With sequencing technology breakthroughs, the amount of raw biological information grows exponentially. However, our understanding of its biological meaning is lagging behind. Much of the biological function of these sequences remains to be identified and characterized. Classical molecular biology approaches can provide concrete evidence and lead to reliable conclusions. Nevertheless, with the huge amount of raw sequence data that is already available, computational approaches are showing their strength in decoding information to form new hypotheses. Taking the advantage of modern computing power, bioinformatic approaches allow rapid extraction of knowledge from databases. Information extracted with bioinformatic approaches is often "predictive" or "putative", it depends on wet lab experiments to yield solid knowledge. Research in our lab reflects a combined computational and experimental approach.
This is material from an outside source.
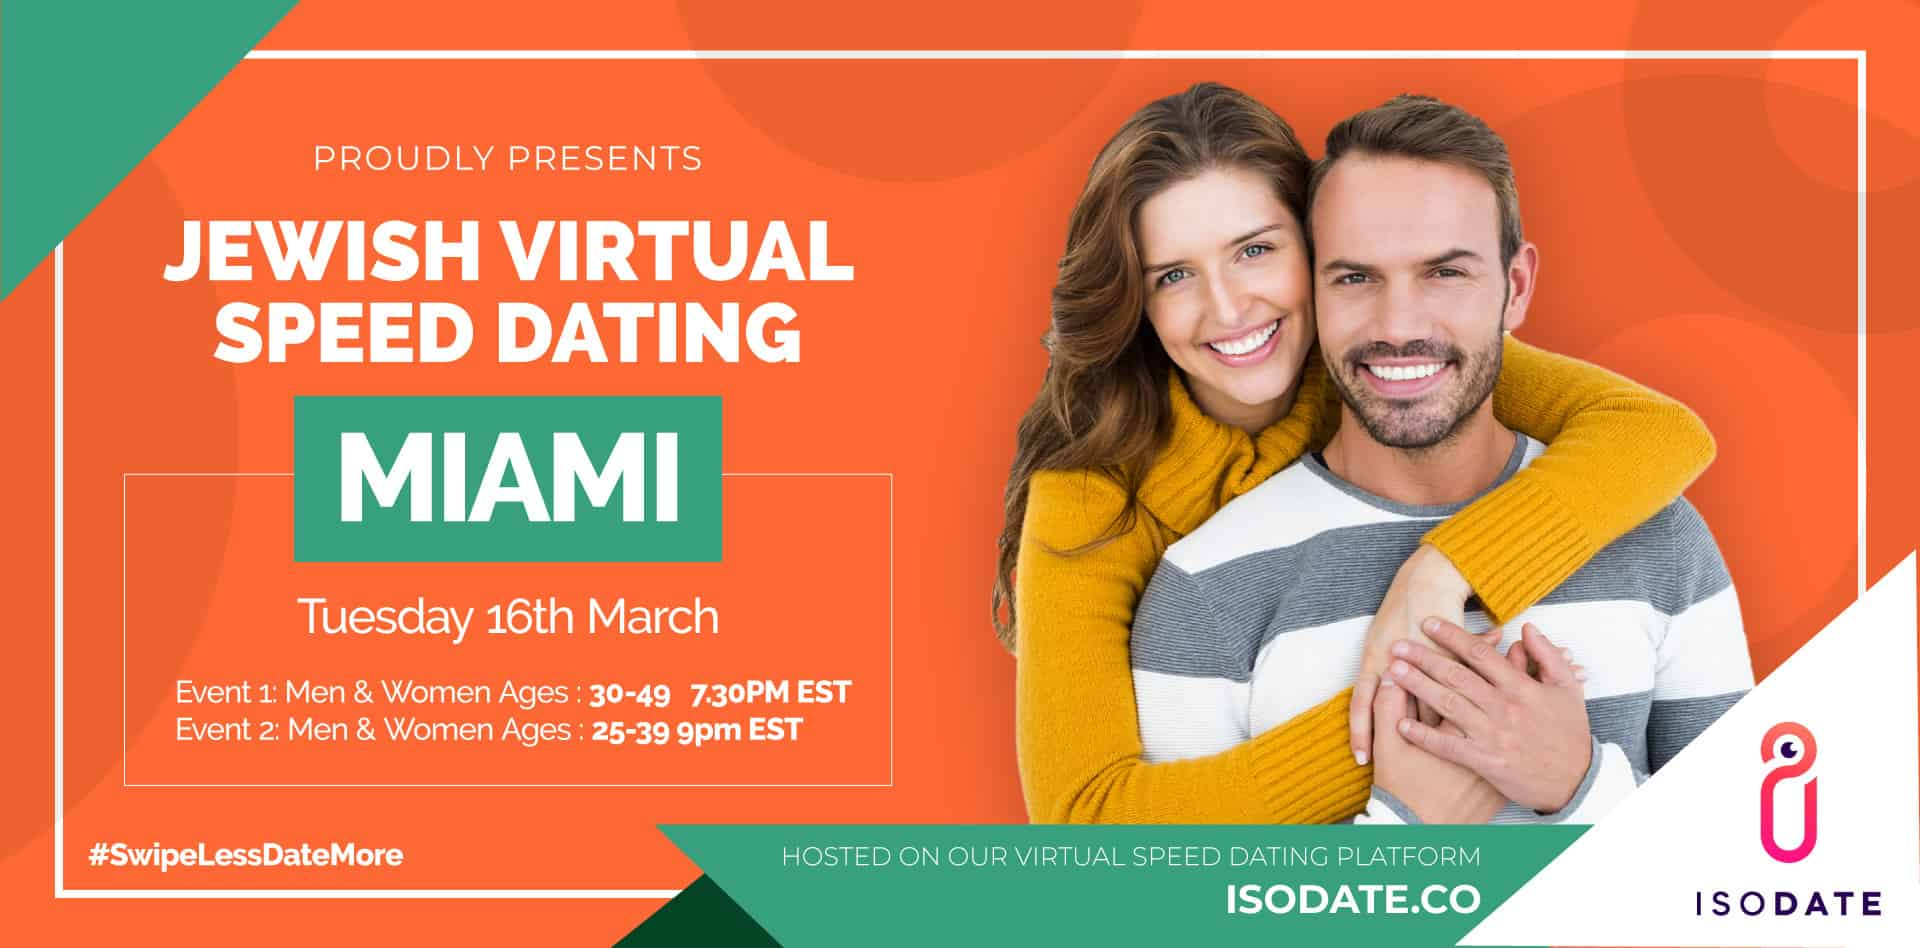 Isodate's Miami Jewish Virtual Speed Dating - Swipe Less, Date More
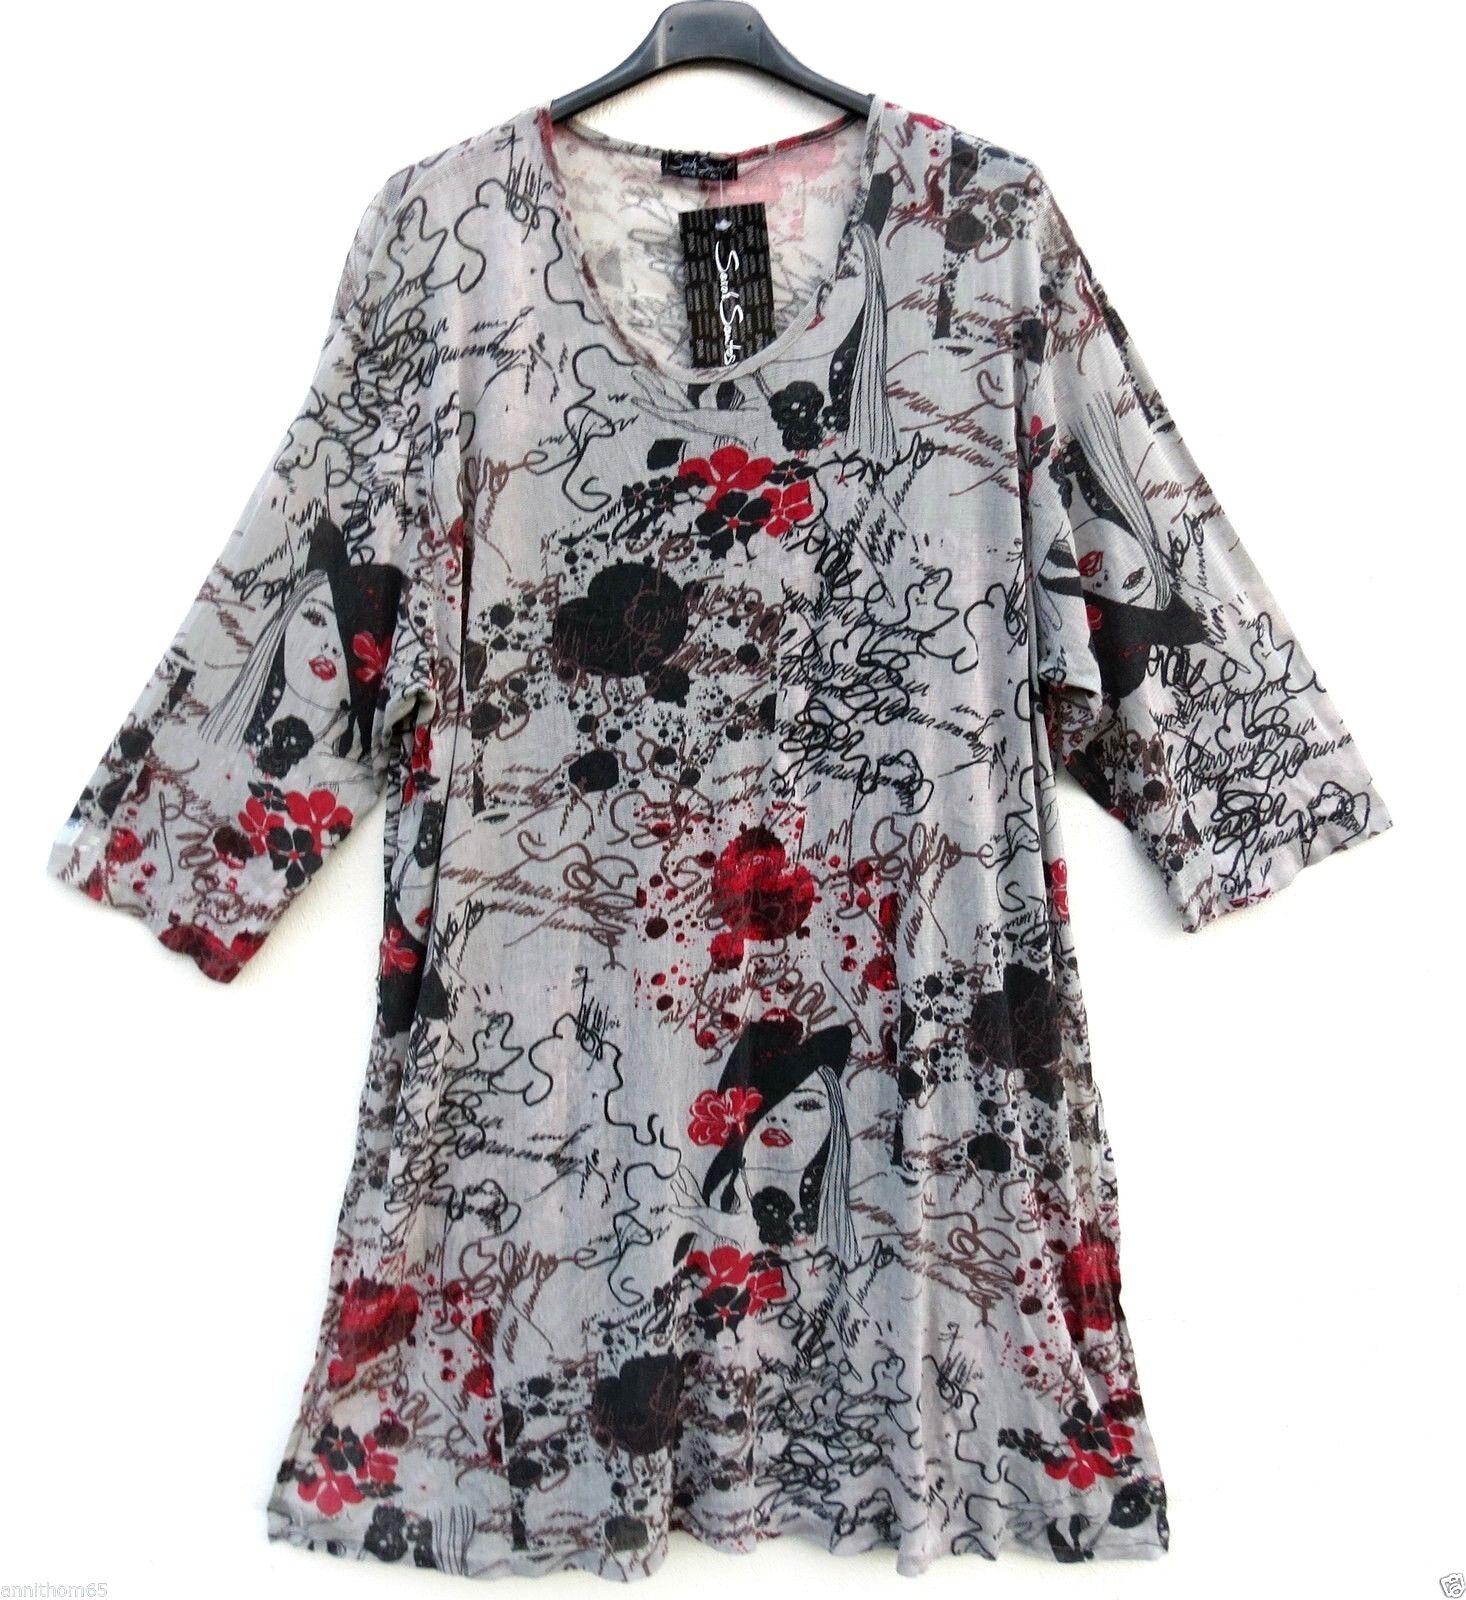 SARAH SANTOS Sommer Tunika Shirt Tunic Tunique Tunica XL 48 50 Lagenlook

Genomic Analysis of Functional Interactions Involving Transposable Elements (TEs)
My lab is studying TE activity and the role of TEs in genome function and evolution using a combination of computational and experimental approaches. Both plant and animal genomes are the subjects of my studies. TEs are an integral part of a genome; they interact with each other and with other components of the genome. Understanding these interactions is the key to the knowledge of genome function and evolution. I intend to build genome wide interaction networks of TEs in plant and animal genomes. I will focus on three types of interactions: (1) between TEs and host genome defense systems such as DNA methylation and RNAi; (2) among TE elements belonging to the same superfamily; (3) between TE insertions and host gene regulation. An integrative approach involving computational modeling will be used to synthesize these data for the studies at upper levels of systems biology to understand how these interactions contributed to functions of the organisms. In addition to quality publications, I expect to obtain TEs that can potentially used for gene discovery, transgenesis and gene therapy.
Transposition Mechanism of Animal Miniature Inverted Repeat Transposable Elements (MITEs)
MITEs are short (normally < 500 bp) class II elements with remarkably high copy numbers in plant and animal genomes. Their discovery in the early 1990's attracted much attention because of their mysterious origin, transposition and amplification mechanism and influence on genome function and evolution. Despite the abundance of MITEs in animals, genome wide analyses of animal MITEs are currently limited to database mining. Thus, based on my experience in plant MITE studies, I plan to perform functional analysis of MITEs in animal genomes. These studies will not only complement and extend our knowledge on plant MITEs but also deepen our understanding of animal genome evolution.
In addition to Tourist and Stowaways, I also plan to study noncanonical MITEs to understand how different types of MITEs are able to attain high copy numbers. To achieve these research objectives, I plan to: (1) identify MITE candidates for analysis, (2) identify their related autonomous elements, (3) screen for functional partners between the MITEs and autonomous elements, and (4) perform detailed dissection of the requirements for MITE transposition by site-directed mutagenesis.
Development and Implementation of Computational Algorithms for Customized Solutions
(1) Automated identification of novel TE families and superfamilies
Despite the abundance of TEs in the genomes of higher eukaryotes, there are very few TE superfamilies. To date, only 10 DNA superfamilies have been identified. However this number has been growing slowly but steadily, largely due to the availability of genome sequence databases and improved methods to search for TEs. Based on my programming skills and experience in data analyses, I plan to develop and improve TE mining algorithms for automated genome wide sequence analysis in order to discover novel TE elements from higher eukaryotic genomes. I will also continue to develop programs to automatically analyze new sequences whenever they are deposited in a database for novel TE types because TEs are often not well characterized in newly deposited genome sequences. Upon identification of novel families or superfamilies, emphasis will be shifted to understanding transposition mechanisms.
(2) Modeling of genome evolution
Eukaryotic genomes are sequenced in a historical pace. Predictable advances in DNA sequencing technology within the coming decade will make available genome sequences to biologists like the volume of species available to Charles Darwin during his journey of the Beagle about 170 years ago. General rules of molecular mechanisms for genome evolution await discovery. I am interested in performing large scale survey of the genomes of a variety of species to understand how genomes attained current status. This survey requires extensive analyses of genome sequences and involves a number of computational automation tasks.